I sighed, and my eyes filled with tears—'Is, then, affection so capricious a sentiment—is it possible to love what we despise?'
'I cannot tell,' retorted Mr Harley, with quickness. 'Triflers can give no serious occasion for uneasiness:—the humours of superior women are sometimes still less tolerable.'
'Ah! how unjust. If gentleness be not the perfection of reason, it is a quality which I have never, yet, properly understood.'
He made no reply, but sunk into silence, reserve, and reverie. On our arrival at my apartments, I ventured (my cousin having left us) to expostulate with him on his unkind behaviour; but was answered with severity. Some retrospection ensued, which gradually led to the subject ever present to my thoughts.—Again I expressed a solicitude to be informed of the real state of his heart, of the nature of those mysterious obstacles, to which, when clearly ascertained, I was ready to submit.—'Had he, or had he not, an attachment, that looked to, as its end, a serious and legal engagement?' He appeared ruffled and discomposed.—'I ought not to be so urgent—he had already sufficiently explained himself.' He then repeated to me some particulars, apparently adverse to such a supposition—asking me, in his turn, 'If these circumstances bespoke his having any such event in view?'
CHAPTER VI
For some time after this he absented himself from me; and, when he returned, his manners were still more unequal; even his sentiments, and principles, at times, appeared to me equivocal, and his character seemed wholly changed. I tried, in vain, to accommodate myself to a disposition so various. My affection, my sensibility, my fear of offending—a thousand conflicting, torturing, emotions, threw a constraint over my behaviour.—My situation became absolutely intolerable—time was murdered, activity vain, virtue inefficient: yet, a secret hope inspired me, that indifference could not have produced the irritations, the inequalities, that thus harrassed me. I thought, I observed a conflict in his mind; his fits of absence, and reflection, were unusual, deep, and frequent: I watched them with anxiety, with terror, with breathless expectation. My health became affected, and my mind disordered. I perceived that it was impossible to proceed, in the manner we had hitherto done, much longer—I felt that it would, inevitably, destroy me.

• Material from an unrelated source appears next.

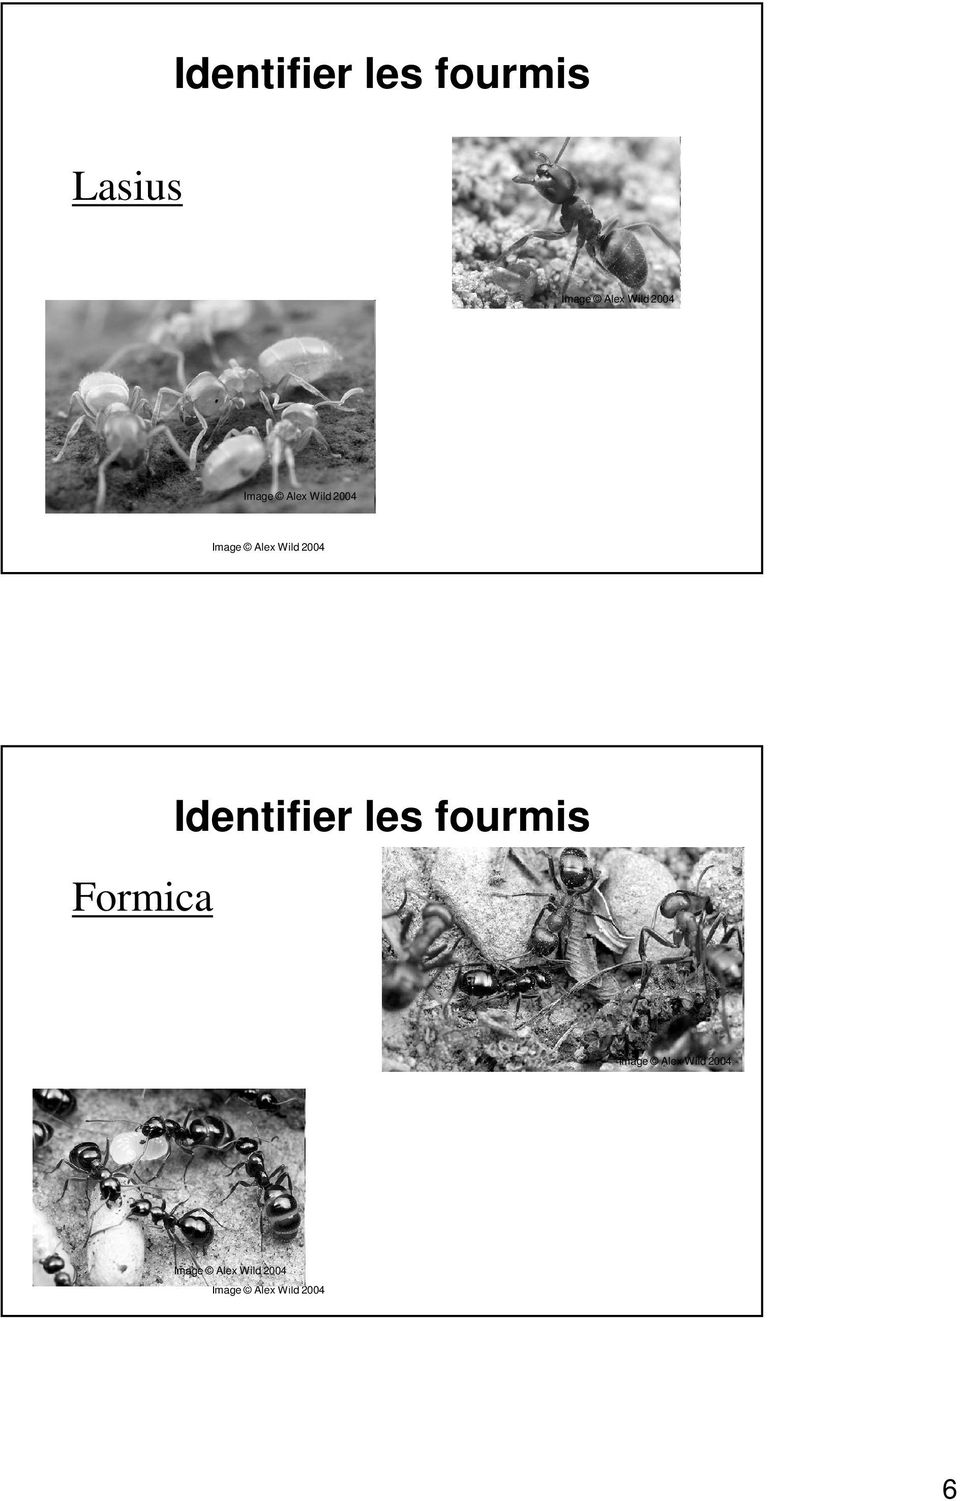 Formica Identifier les fourmis Image Alex Wild

I reflected, meditated, reasoned, with myself—'That one channel, into which my thoughts were incessantly impelled, was destructive of all order, of all connection.' New projects occurred to me, which I had never before ventured to encourage—I revolved them in my mind, examined them in every point of view, weighed their advantages and disadvantages, in a moral, in a prudential, scale.—Threatening evils appeared on all sides—I endeavoured, at once, to free my mind from prejudice, and from passion; and, in the critical and singular circumstances in which I had placed myself, coolly to survey the several arguments of the case, and nicely to calculate their force and importance.

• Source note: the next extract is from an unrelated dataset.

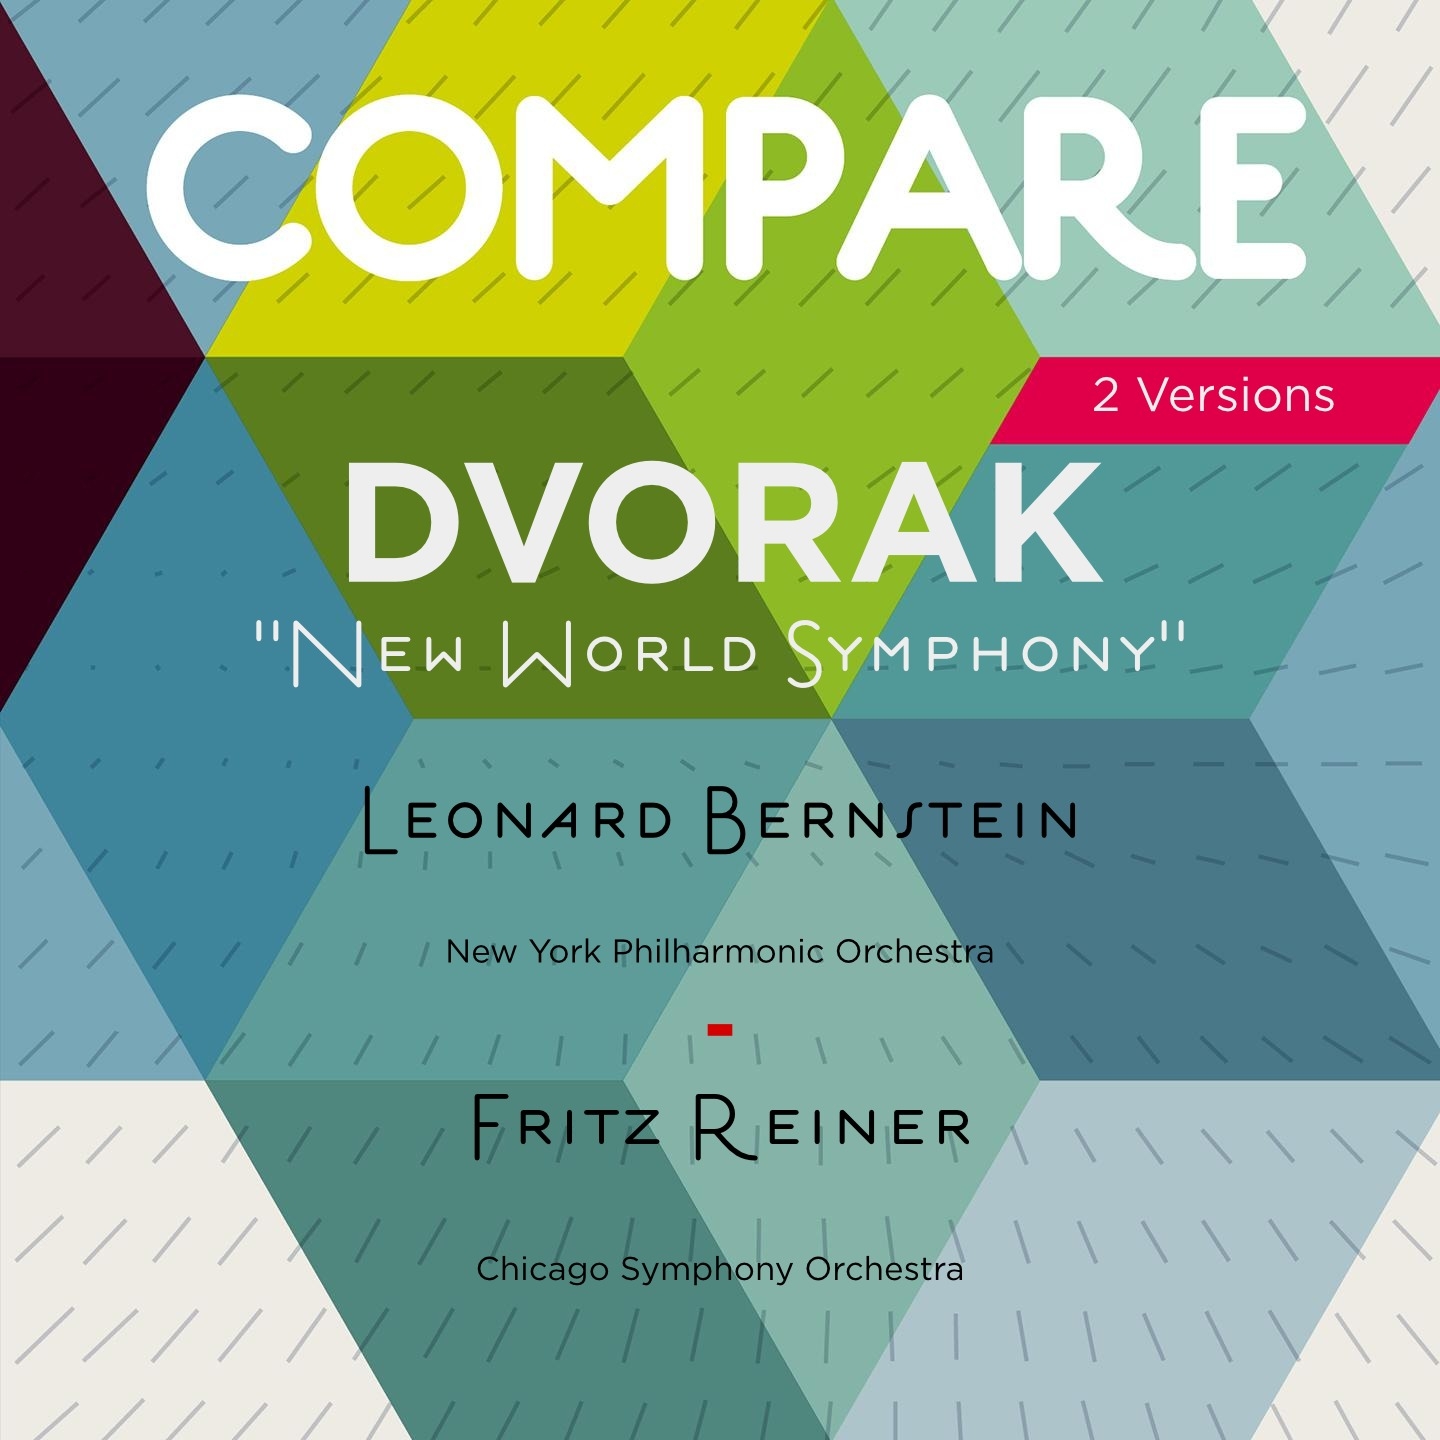 Dvoa k: Symphony No. 9, Leonard Bernstein vs. Fritz Reiner

'If, as we are taught to believe, the benevolent Author of nature be, indeed, benevolent,' said I, to myself, 'he surely must have intended the happiness of his creatures. Our morality cannot extend to him, but must consist in the knowledge, and practice, of those duties which we owe to ourselves and to each other.—Individual happiness constitutes the general good:—happiness is the only true end of existence;—all notions of morals, founded on any other principle, involve in themselves a contradiction, and must be erroneous. Man does right, when pursuing interest and pleasure—it argues no depravity—this is the fable of superstition: he ought to only be careful, that, in seeking his own good, he does not render it incompatible with the good of others—that he does not consider himself as standing alone in the universe. The infraction of established rules may, it is possible, in some cases, be productive of mischief; yet, it is difficult to state any rule so precise and determinate, as to be alike applicable to every situation: what, in one instance, might be a vice, in another may possibly become a virtue:—a thousand imperceptible, evanescent, shadings, modify every thought, every motive, every action, of our lives—no one can estimate the sensations of, can form an exact judgment for, another.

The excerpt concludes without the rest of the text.